1984
By windrose
- 487 reads
It was the ‘Euphoria’…the year I set out looking for freedom. Leaving school my classmates gone different ways, some chose to continue with higher studies. Actually, our batch was in school until the end of 1983 and we sat London GCE O’ Level papers of January 1984, that’s why we call the Batch of 1984 or the 1984 Batch. We still hold get-togethers once or twice a year. This picture was taken on 8th August 2012. Some are top class businessmen, some are doctors, some executives, CEOs, one of them is even a professor still working in the UK and one (not in the picture) is a diplomat. Generally, they are top guys but I’m here to talk about the guy who set to look for freedom and turned into a Mr Nobody.
My brother is a year older and my sister a year younger. My brother is a talented guitarist and an architect. My sister mastered piano in classical music. When we were young our poor house listened to music and read books. If they read three books a day, I read one in three days. If they were extremely talented in music, I just picked the fingering and played chords. There is a black sheep in every family.
I wasn’t good in studies. That didn’t mean I obtained bad results. In the national Junior School Examination, I passed all ten subjects among the ten who did so. I got pass marks in all six subjects I set in the O’ Level with a couple of distinctions. My worst subject was mathematics, I got C grade and the teacher took a treat on me. In the last years at school I had been quitting classes and not paying attention to studies. When exams come I go to the cinemas watching movies.
December 8th, 1980, (for us in the following day) I read about John Lennon’s death on the school notice board. (These are the things that matter…and how much things changed.) Those days at school we were involved in music with a handful of rock bands practising all day. I played bass in a three-piece band called ‘Triotones’ and about the music I wish to write in another chapter.

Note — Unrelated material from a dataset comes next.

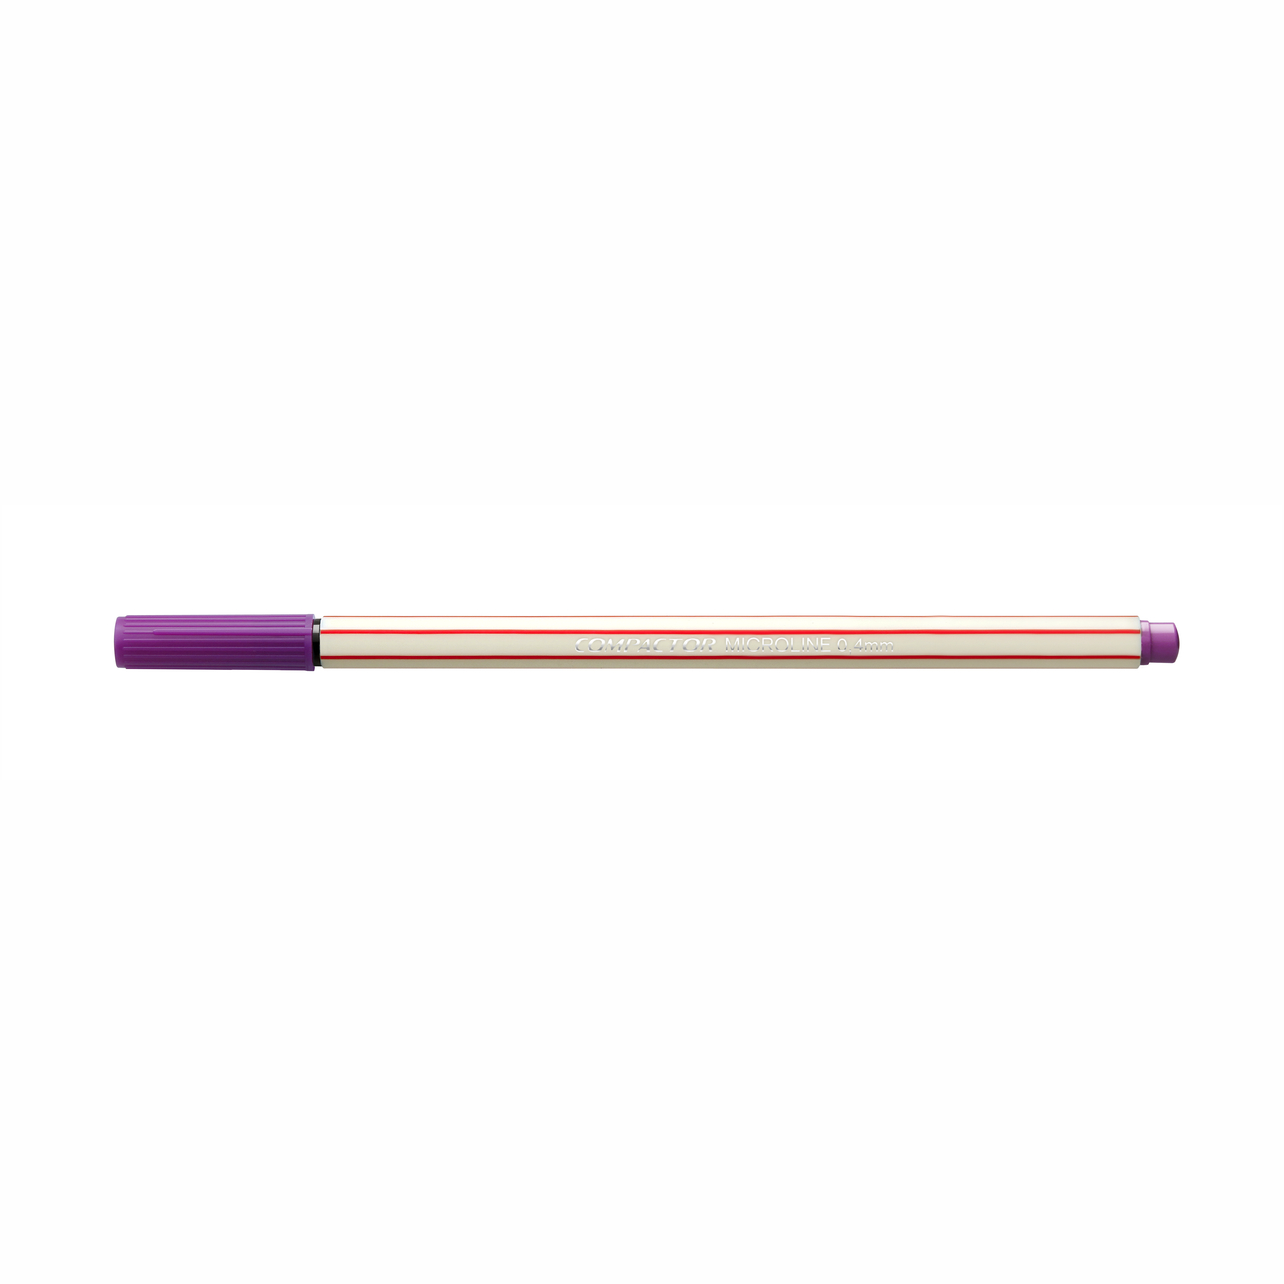 Caneta Hidrográfica 0.4 violeta MICROLINE Compactor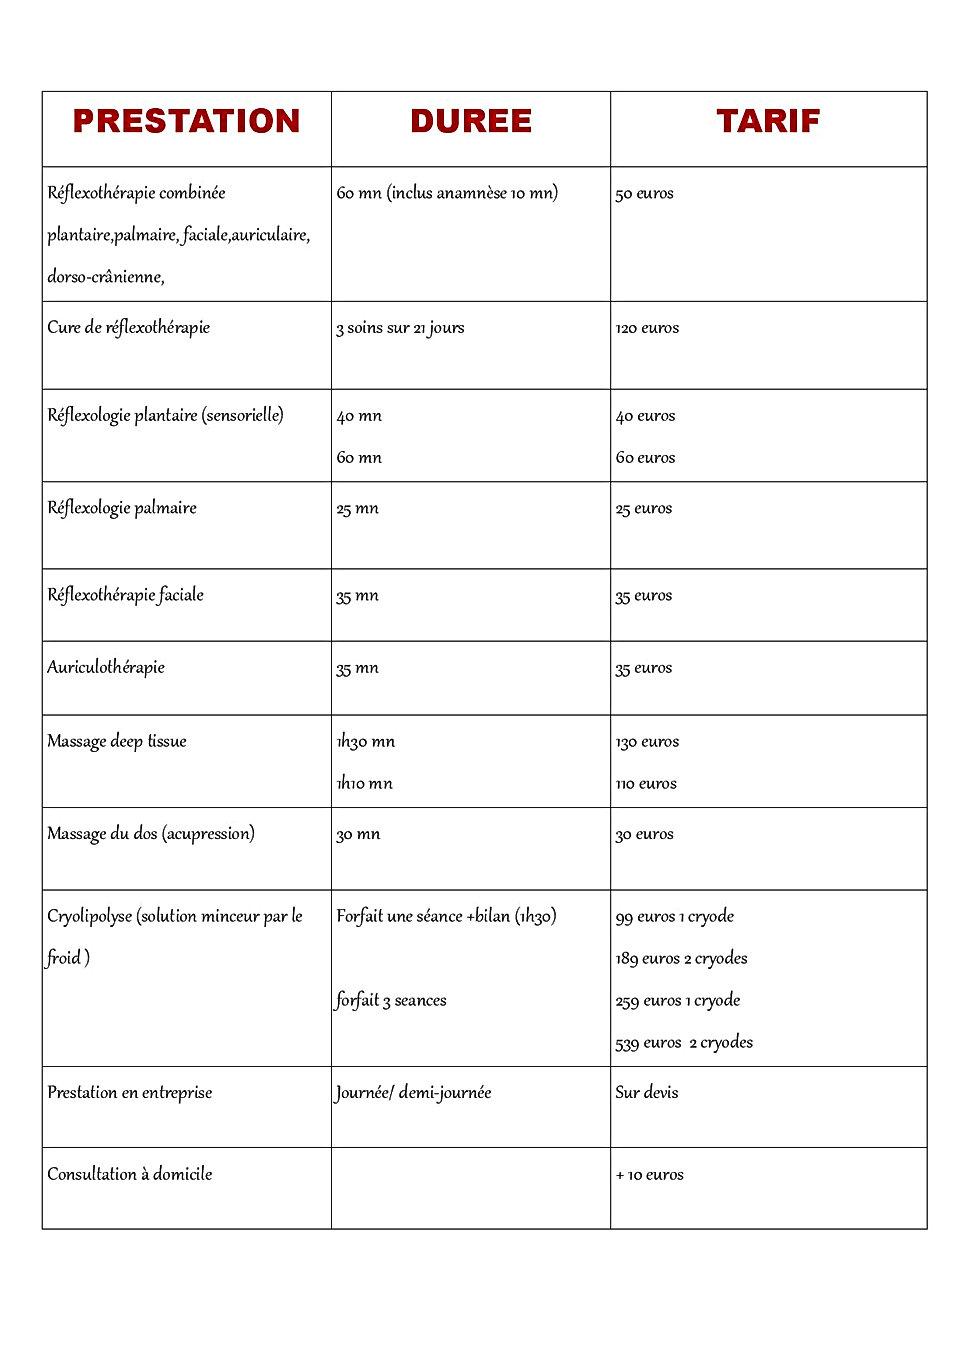 tarif 2020 groupon-page-001.jpg

Family conditions deteriorated since my mother was sacked from government job in 1973. There was no source of income, a single mother with four kids to look after and grandparents confined to their beds. She barely made money giving tuition to kids and running a typing class with one ROYAL typewriter. Then in 1980, my father, who visited us twice a year, converted a section of our house to a to-let and gradually things turned better, still mother could hardly find ends meet without borrowing. This decade we were extremely poor.
The house in shape was kind of stumbling down. We used a backdoor by the kitchen side to enter. Inside it was hot and no place to sit properly, no desk, no space…crowded of old furniture. We didn’t have food on the table, no notebooks, no proper clothes…but the worst bit was that our mother had taken this burden to look after bedridden old parents. She was shrunk and in very poor health.
Here I’m focusing on the years between 1980 and 1984. Otherwise, our world was a heavenly place – peaceful and free. Not crowded, not too much traffic, we could play football on the narrow streets. There were stage shows, discoes, parties, route marches, exhibitions, carnivals, festivals and 24 hours we stayed away from home. Of these enchants we never felt we were so poor. Freedom is not the few coins in your hands.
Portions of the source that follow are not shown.